Betty – Tiffany McDaniel

– Ce que je viens de te raconter, c’est le mensonge dans toute sa splendeur. Est-ce que tu as envie d’entendre la vérité dans toute sa laideur ?

Ouvrir Betty, c’est plonger dans un monde où se côtoient presque douloureusement la violence et la douceur. La violence, pour la jeune Betty Carpenter, d’être née de père Cherokee, la peau trop sombre. La violence d’être née d’une mère à la peau claire sans n’avoir rien pris d’elle. La violence d’être née fille dans un monde où les hommes se servent, même sans permission. Mais dans ce monde abrupt qui pique, frappe, viole, il y a aussi Landon Carpenter, homme à l’amour débordant. Un père guérisseur qui ne panse pas les plaies qu’avec ses seules potions. Il apaise avec des mots. Ses histoires sont des onguents qui calment les blessures de Betty. Celles de Lint aussi, ce petit frère pas tout à fait comme les autres. Landon attise les rêves de ses enfants, comme celui de Flossie de briller parmi les stars. Il cultive l’art du dessin de son fils Trustin ou celui pour l’écriture de Betty. Il aime pour deux, Landon, quand sa femme défaille ou que sa fille aînée Fraya déraille. Il porte à bout de bras et de rêves cette famille qui s’effrite. Il tient bon, malgré les pertes qui font des trous dans le cœur, insufflant à Betty, sa « Petite Indienne », la puissance des femmes Cherokee. Elle sera, même dans la tourmente, la dépositaire des origines.

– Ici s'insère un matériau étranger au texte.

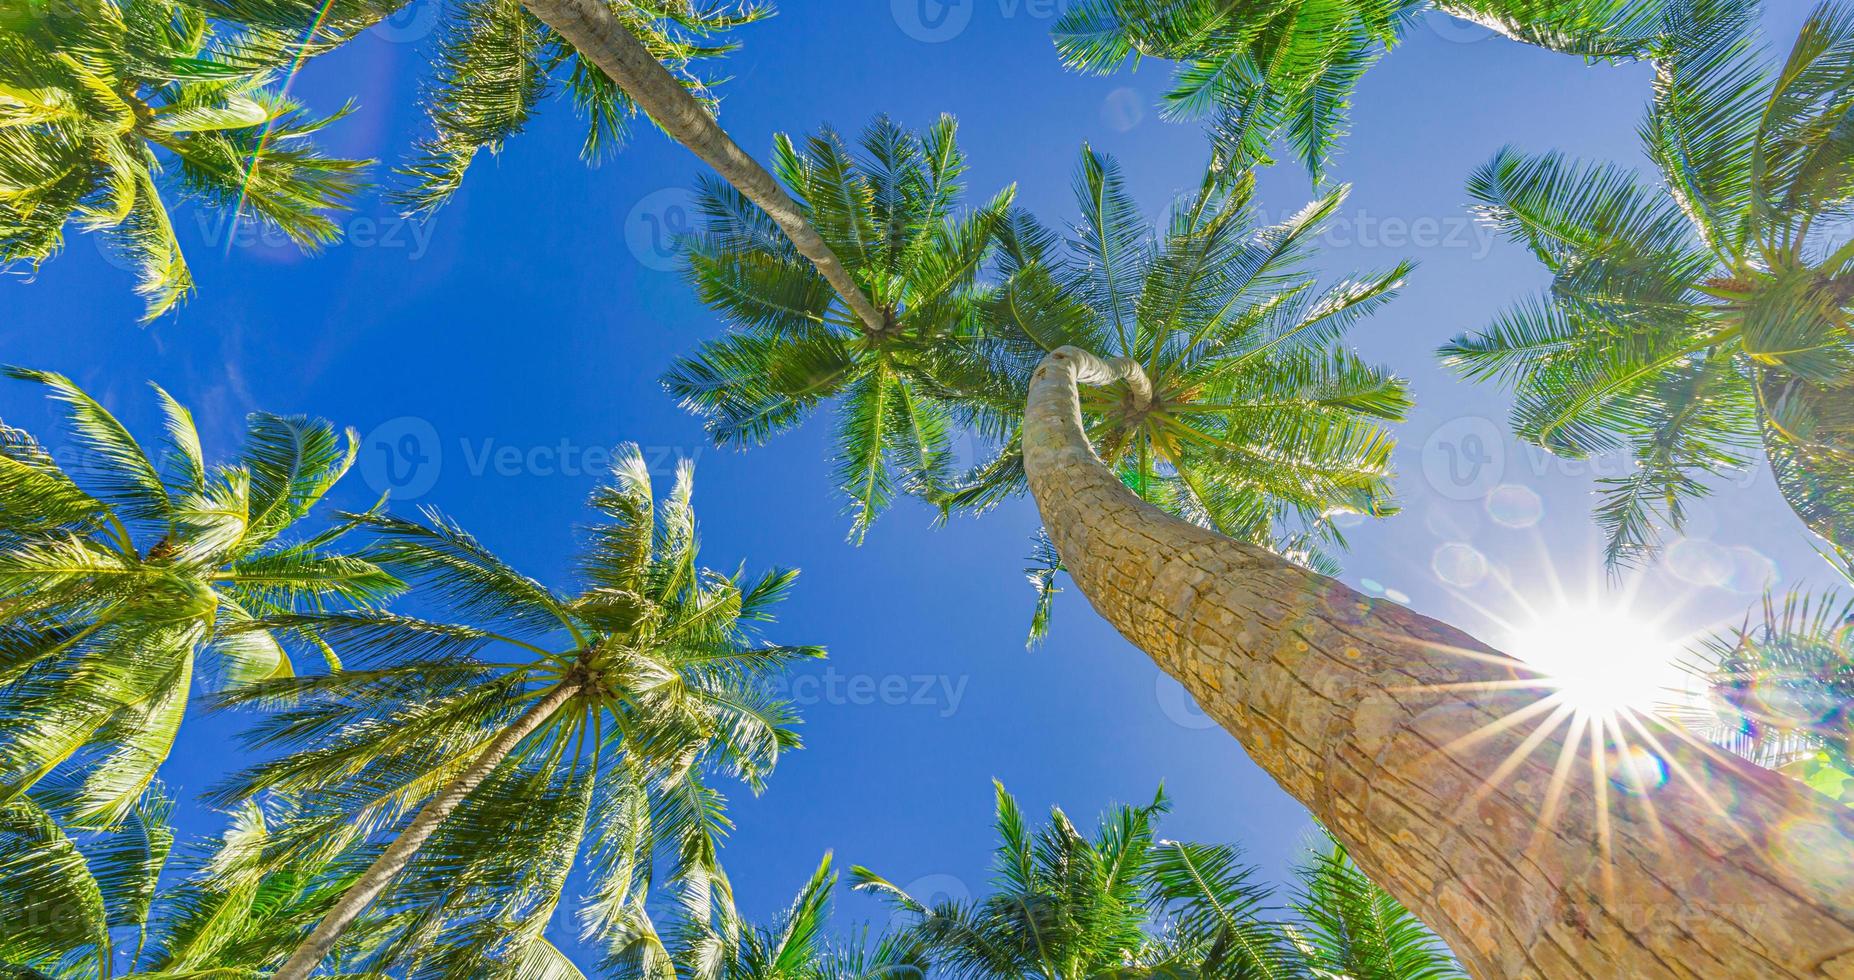 kokosnusspalme mit blauem himmel, schöner tropischer sonnenstrahlenhintergrund. Niedrige Sicht der exotischen Natur mit Palmblättern. Reiselandschaft foto

Ouvrir Betty, c’est être porté·e par l’imaginaire de Landon Carpenter qui habille de douceur la rudesse de la vie. Mais c’est aussi être parfois broyé·e par la violence qui se niche au cœur de cette famille. C’est admirer aussi la force de cette enfant et adolescente devenue jeune femme, avançant malgré les blessures, luttant comme elle peut. Elle tait parfois sa révolte Betty parce qu’elle n’est pas une super héroïne. Non. Prise dans l’étau des traumatismes de sa mère, du mensonge de son frère Leland, des secrets de sa soeur Fraya, des larmes versées sur ses frère et sœur morts, Betty avance, lutte, hurle aussi parfois. Elle écrit, déverse pour laisser une trace, se faisant gardienne de la mémoire de cette famille bancale. Portée haut par ce père qui lui a appris qu’elle était « quelqu’un d’important », Betty, toujours, se tiendra debout. Un roman fort, qui bouscule et laisse assurément sa trace.

Betty de Tiffany McDaniel (traduit de l’américain par François Happe). Editions Gallmeister/ 2020.